John Delve

Personal information
- Full name: John Frederick Delve
- Date of birth: 27 September 1953 (age 72)
- Place of birth: Ealing, England
- Height: 5 ft 8 in (1.73 m)
- Position: Midfielder

Youth career
- Queens Park Rangers

Senior career*
- Years: Team / Apps / (Gls)
- 1972–1974: Queens Park Rangers / 15 / (0)
- 1974–1978: Plymouth Argyle / 132 / (6)
- 1978–1983: Exeter City / 215 / (20)
- 1983–1987: Hereford United / 118 / (11)
- 1987–1988: Gloucester City / 14 / (1)
- 1988: Exeter City / 13 / (1)
- –: Elmore
- –: Minehead
- –: Taunton Town

= John Delve =

English footballer

John Frederick Delve (born 27 September 1953) is an English former footballer who played as a midfielder. He made 493 appearances in the Football League for Queens Park Rangers, Plymouth Argyle, Exeter City and Hereford United.

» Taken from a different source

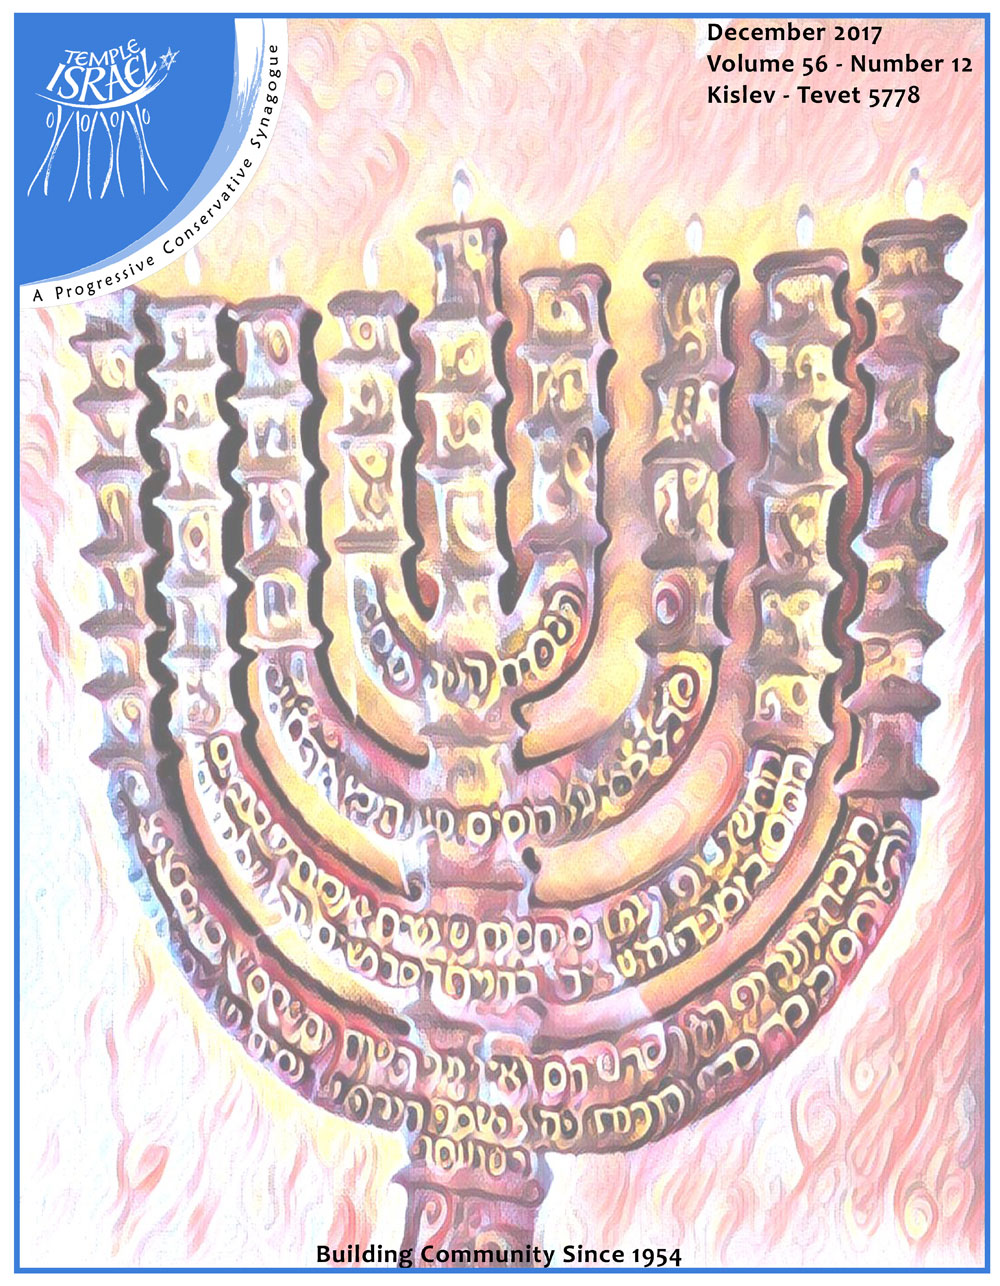 Temple Israel December 2017 Bulletin
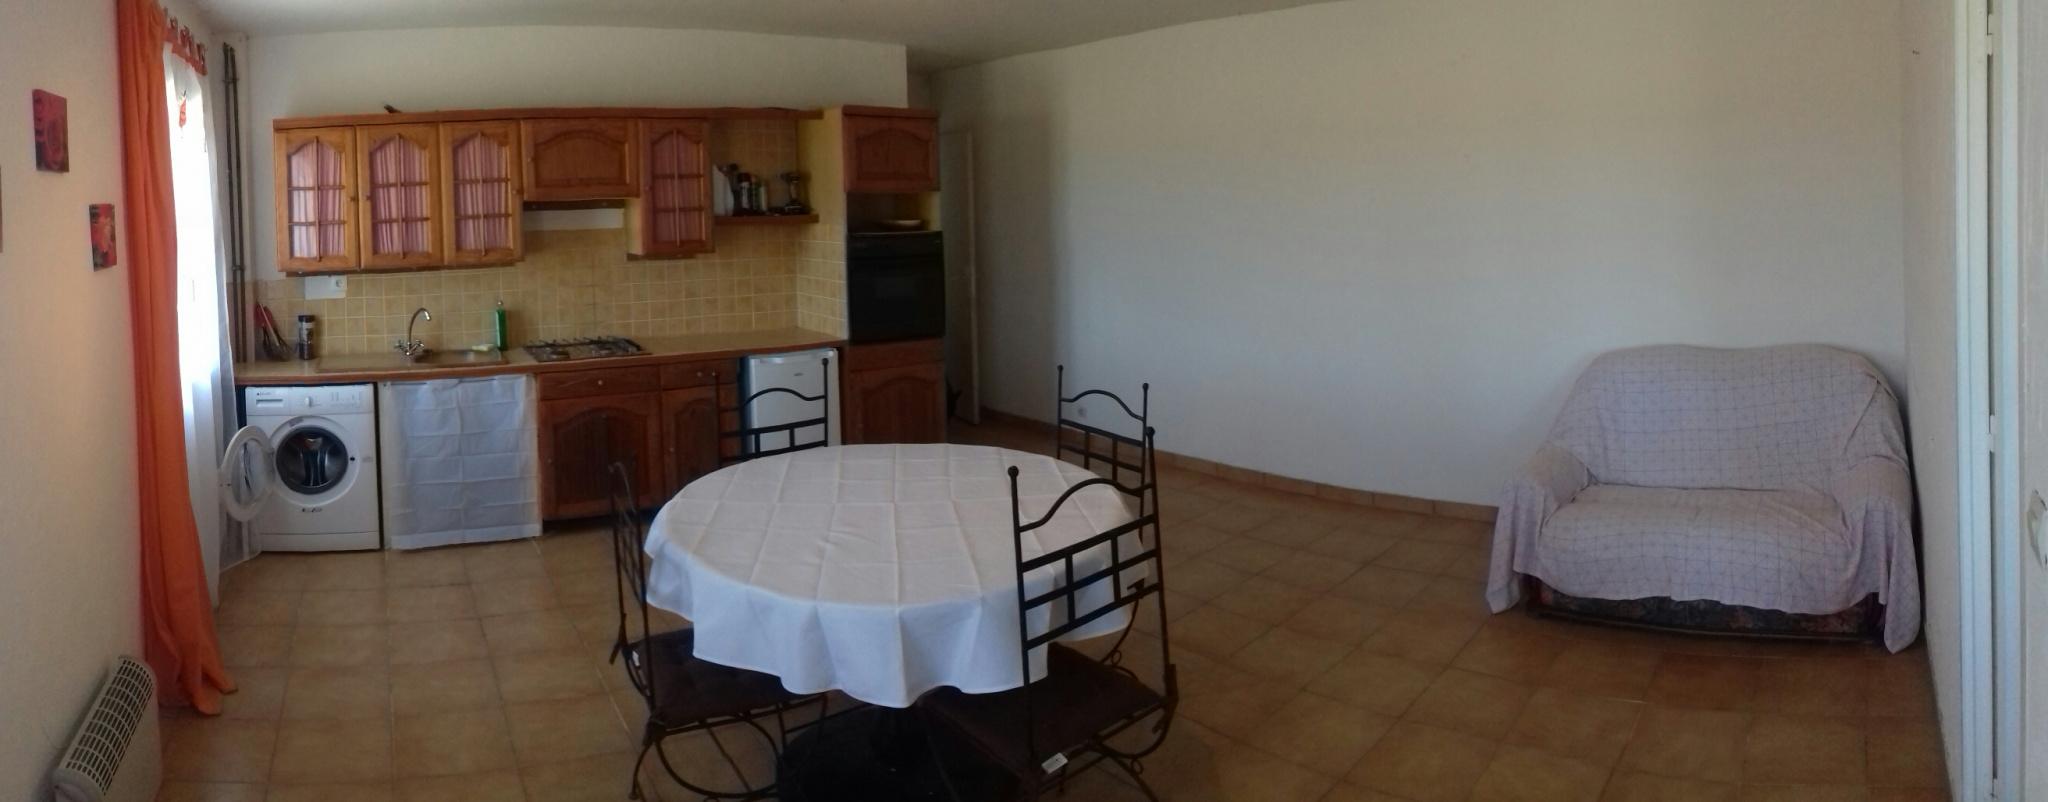 Salle à manger appartement locatif.

Delve began his career with Queens Park Rangers and made 15 league appearances before a £30,000 transfer to Plymouth Argyle in 1974. He played regularly in the team that won promotion to the Second Division in the 1974–75 season and continued to feature often in the next two campaigns. Delve eventually lost his place in the side to Gary Megson and, after scoring six goals in 151 league and cup games, moved to Exeter City in 1978. In five years with the club, Delve scored 20 times in 215 appearances and helped Exeter reach the quarter-finals of the FA Cup during the 1980–81 season.

He was transferred to Hereford United in 1983, where he again made more than a century of league appearances. Having spent four years there, Delve played non-league football for Gloucester City in 1987–88 and returned to Exeter to make the last of his Football League appearances. He went on to play non-league football for Elmore, Minehead and Taunton Town.